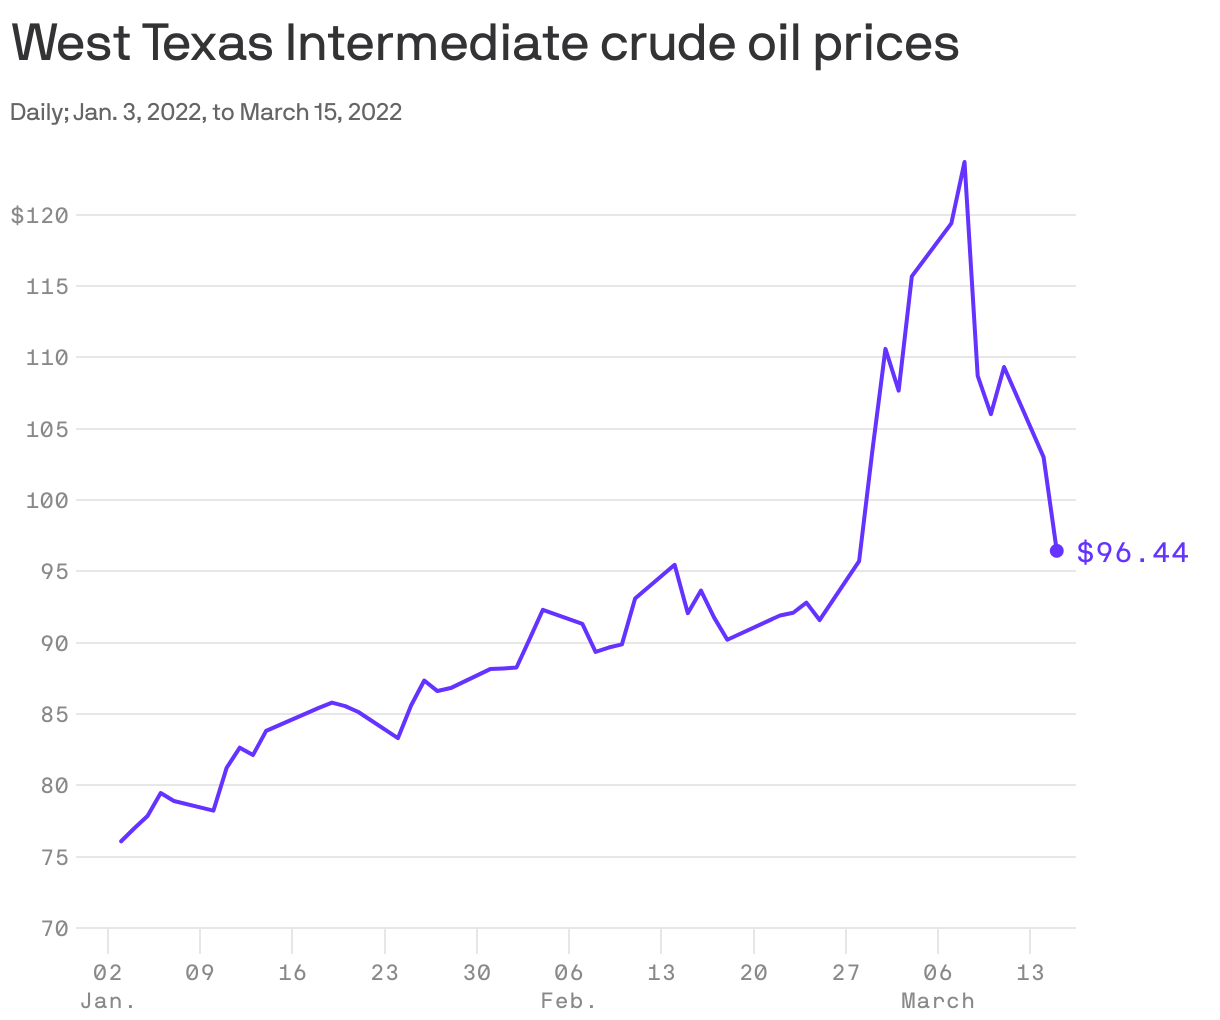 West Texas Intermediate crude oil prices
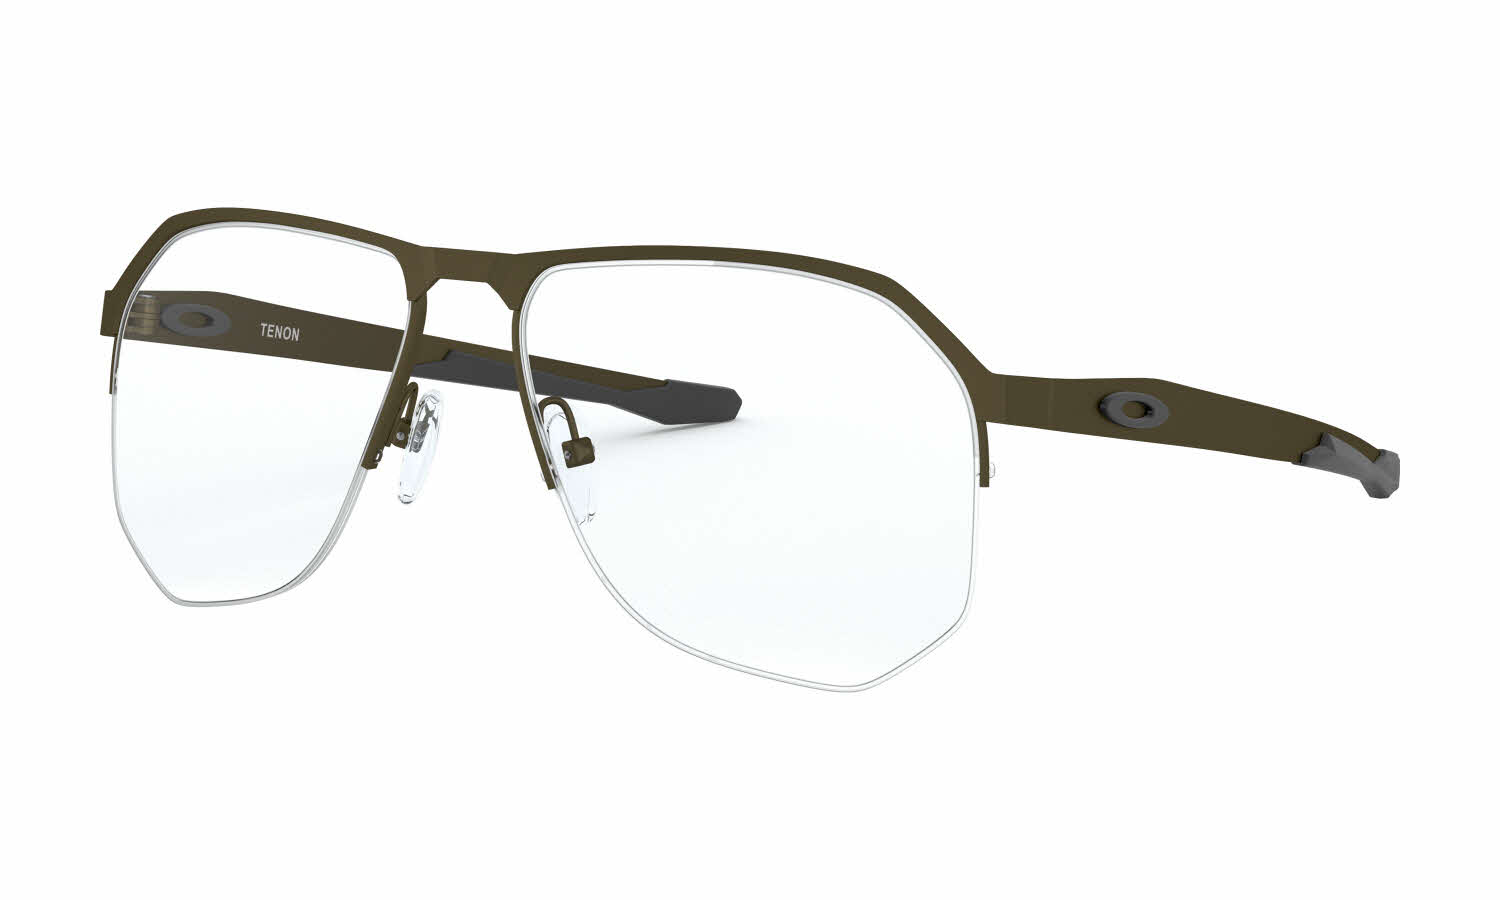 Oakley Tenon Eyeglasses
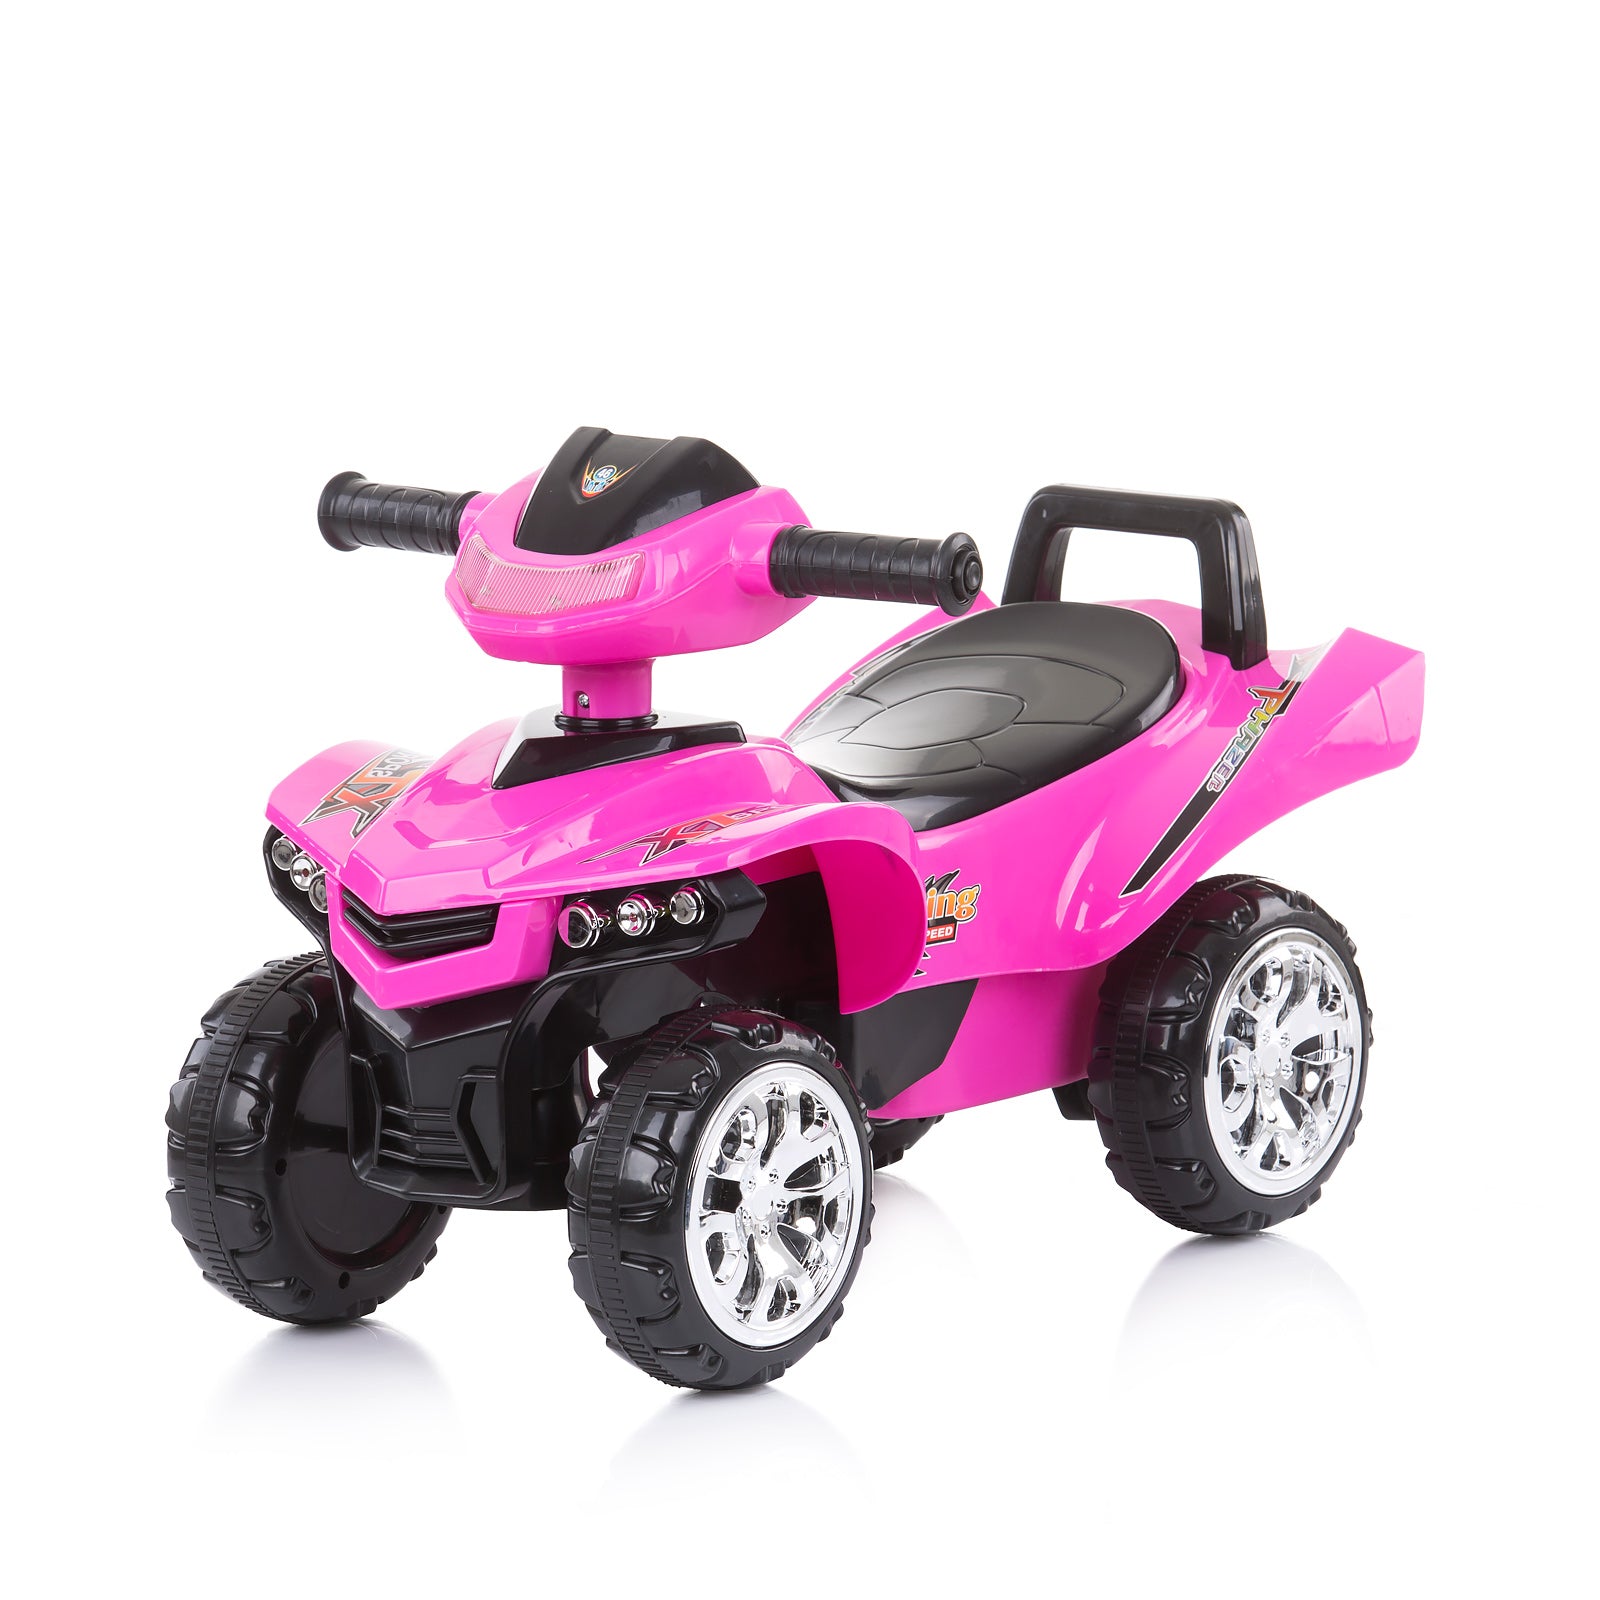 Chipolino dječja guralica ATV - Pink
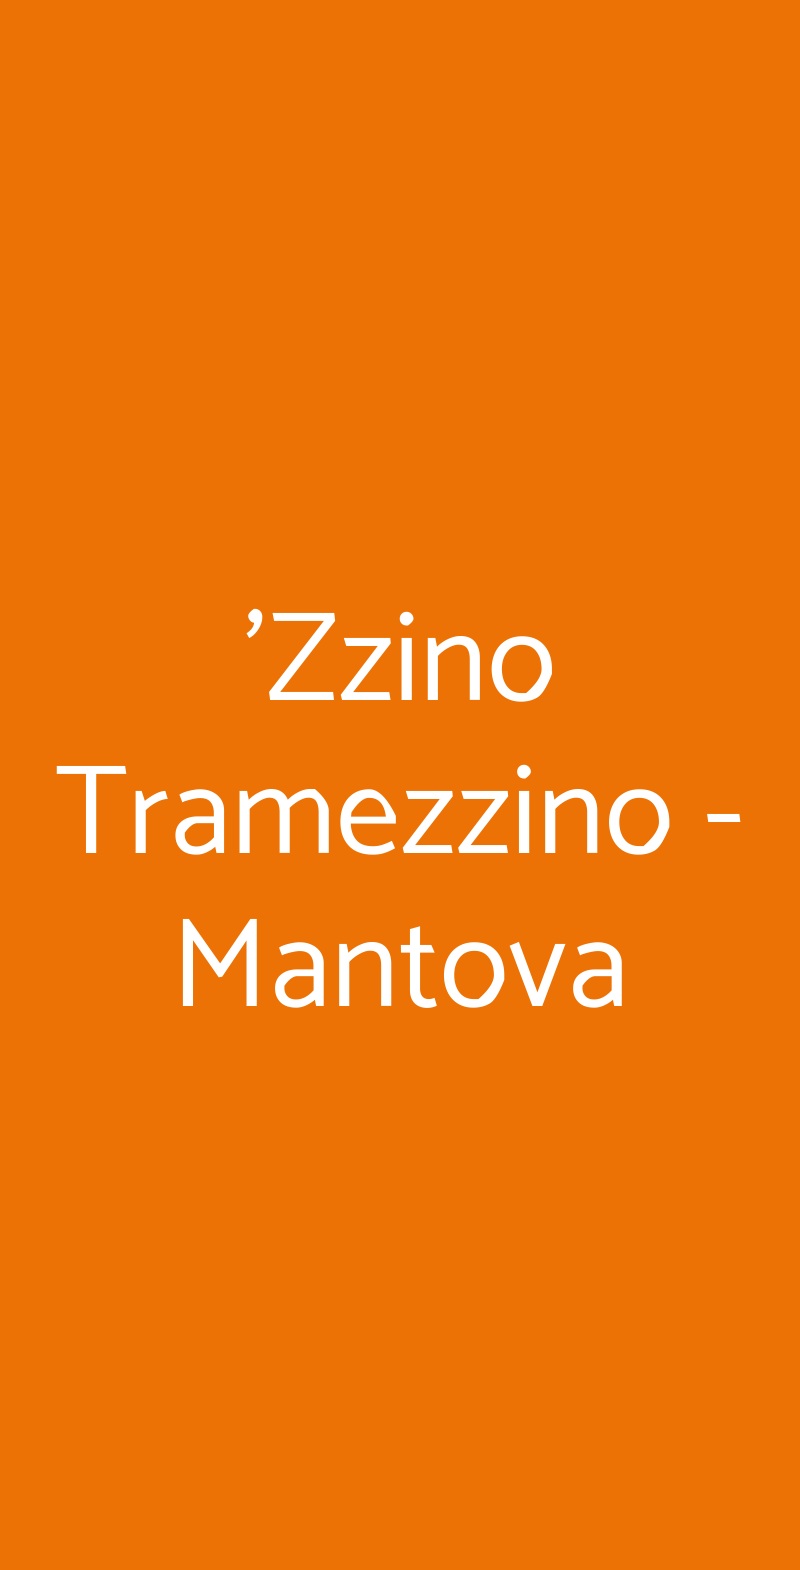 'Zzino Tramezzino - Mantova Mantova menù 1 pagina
━━━━━━━━━━
Problem statement
Please retype the listing exactly, leaving out any images.

Exercise solution
 West Texas Intermediate crude oil prices
 Oakley Tenon Eyeglasses
 Chipolino dječja guralica ATV - Pink
 'Zzino Tramezzino - Mantova Mantova menù 1 pagina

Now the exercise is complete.